If you compare this system to NPAPI plug-ins, the EME JavaScript API is analogous to the <object> element. However, in the EME case there is no standardized analog to NPAPI, since as noted above, even the level of output abstraction isn’t specified.

The media that requires a CDM to play comes in one of the usual container formats. Since the W3C has avoided specifying mandatory formats for <video>, EME doesn’t normatively require support for a specific container format. The EME specification contains guidance for the MP4 (typically used with H.264) and WebM (typically used with VP8) containers. EME does not have normative requirements on whether encryption happens inside or outside the container, but in practice, encryption happens inside the container. Compared to ordinary use of MP4 or WebM, one or more of the elementary streams (“tracks”) inside the container format is encrypted with a key that is not included in the media file. The EME specification does not require a particular encryption scheme, and there are multiple possible ways to have encrypted tracks in MP4. However, when a scheme called Common Encryption is used, one MP4 file can be used with multiple Key Systems.
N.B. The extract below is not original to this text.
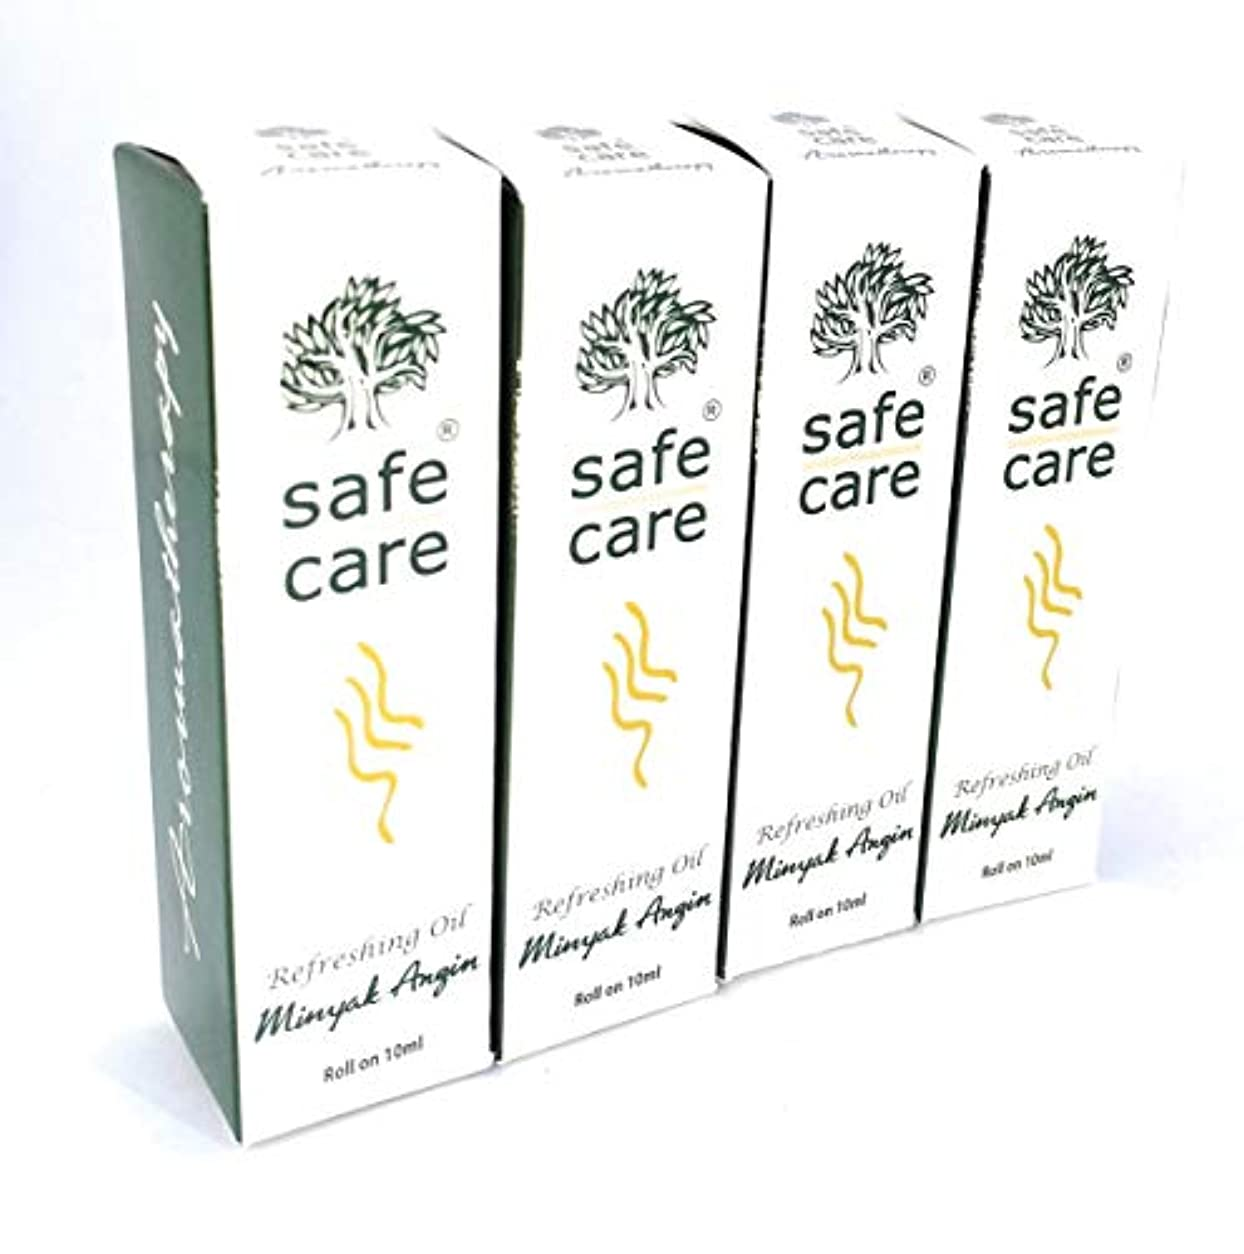 Safe Care セイフケア Aromatherapy Refreshing Oil アロマテラピー リフレッシュオイル ロールオン 10ml × 4本セット [並行輸入品][海外直送品]

When a browser that supports EME encounters an encrypted track, it fires an event to a JavaScript program running in the context of the page that contains the <video> element to indicate that in order to decrypt the track, the JavaScript program needs to supply a key to do so. The event comes with initialization data that the browser has extracted from the media file. At this point, the JavaScript program creates a session using a Key System that’s available and pushes initialization data to the CDM that implements the Key System. If the media file works with multiple Key System there are multiple applicable Key Systems implementations (multiple CDMs or a multi-Key System CDM) available to the browser, the JavaScript program gets to choose which Key System to use.
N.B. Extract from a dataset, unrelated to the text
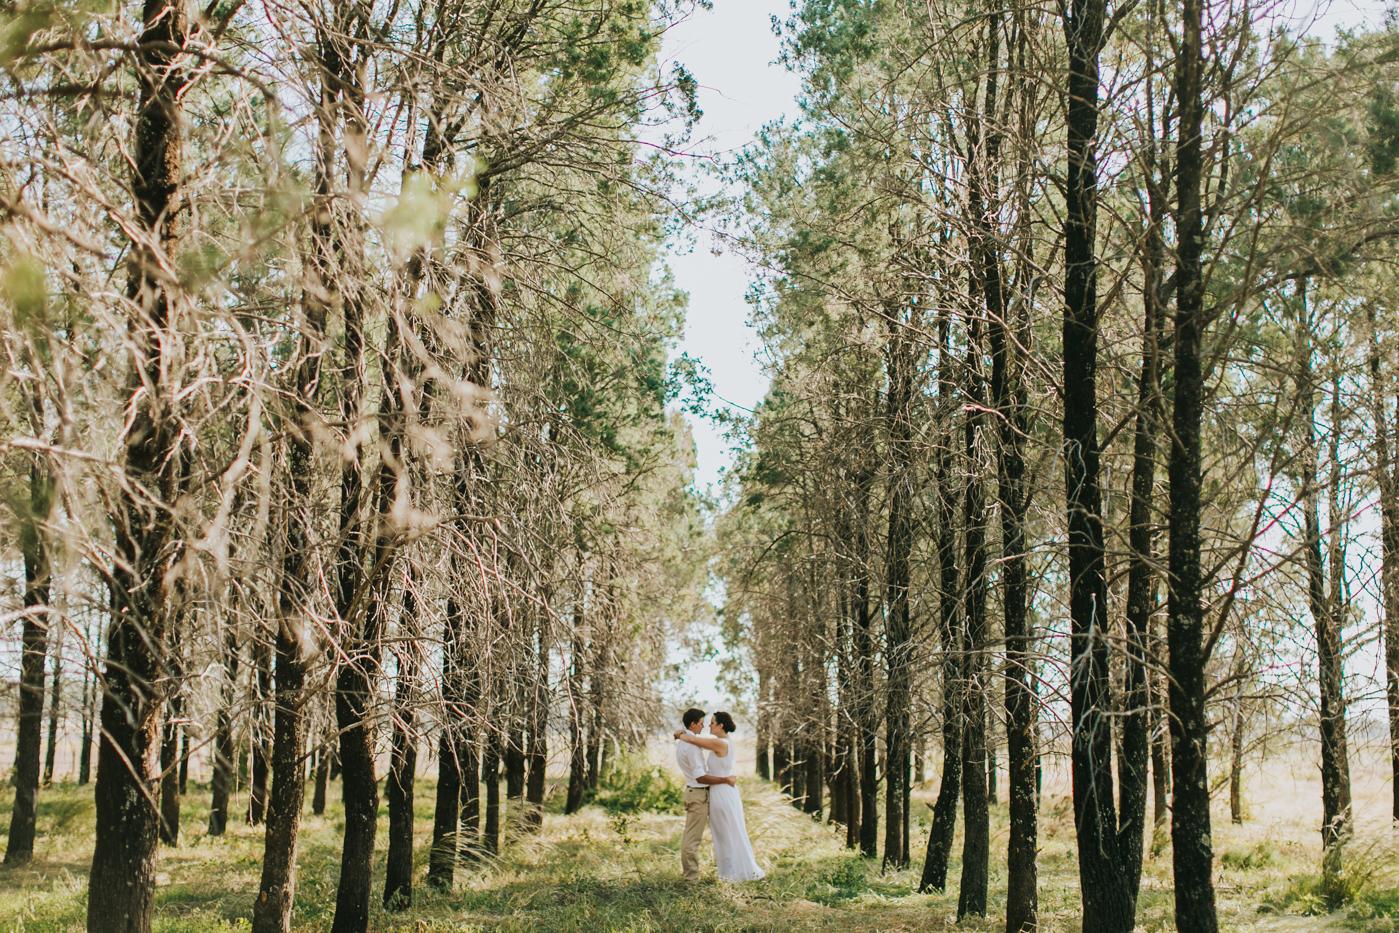 Nicolle & Jacob - Dubbo Wedding - Country Australia - Samantha Heather Photography-179.jpg

Subsequently, events fired to JavaScript include byte buffers that contain messages in a format specific to the Key System that’s in use for the session. Neither the browser nor the JavaScript program understand the bytes. However, the bytes are expected to form a message that includes an identifier for a key that the CDM needs to decrypt content and likely some cryptographic evidence of the provenance of the CDM to demonstrate to the server that the CDM was provided by an entity that the content copyright holders trust to provide tamper-resistant CDMs. From the perspective of EME, these messages are simply opaque.

The JavaScript program then uses whatever method chosen by the Web application developer to pass the Key System-specific message to the server. Most likely, the JavaScript program does an HTTP POST using XHR. At this point, XHR automatically picks up the session cookie of the user, so user identification can work as in Web apps in general and the CDM does not need to be able to deal with handling user identity. This is in contrast to other plausible architectures where a component analogous to a CDM performs networking directly.

The server side of the Web app needs to have Key System-specific software for each Key System that the Web app supports in order to be able to make sense of the messages received and in order to be able to construct responses.

When the JavaScript program receives a message back from the server, it uses the EME API to push the message to the browser, which in turn pushes it to the CDM. The message is assumed to be encrypted in such a way that neither the JavaScript program nor the browser can make sense of it but the CDM can. The message contains at least the key that the CDM needs to decrypt the encrypted media track(s).

EME doesn’t define how many messages are emitted by the CDM and how many by the server. There might be any number, including new ones during playback, depending on the Key System.

EME does not specify any policy about the conditions under which the CDM may be allowed to decrypt media or a vocabulary for expressing such a policy. EME doesn’t even specify whether a policy is enforced on the server based on information that got sent there or whether a policy is enforced on the CDM based on information received back. That’s all Key System-specific.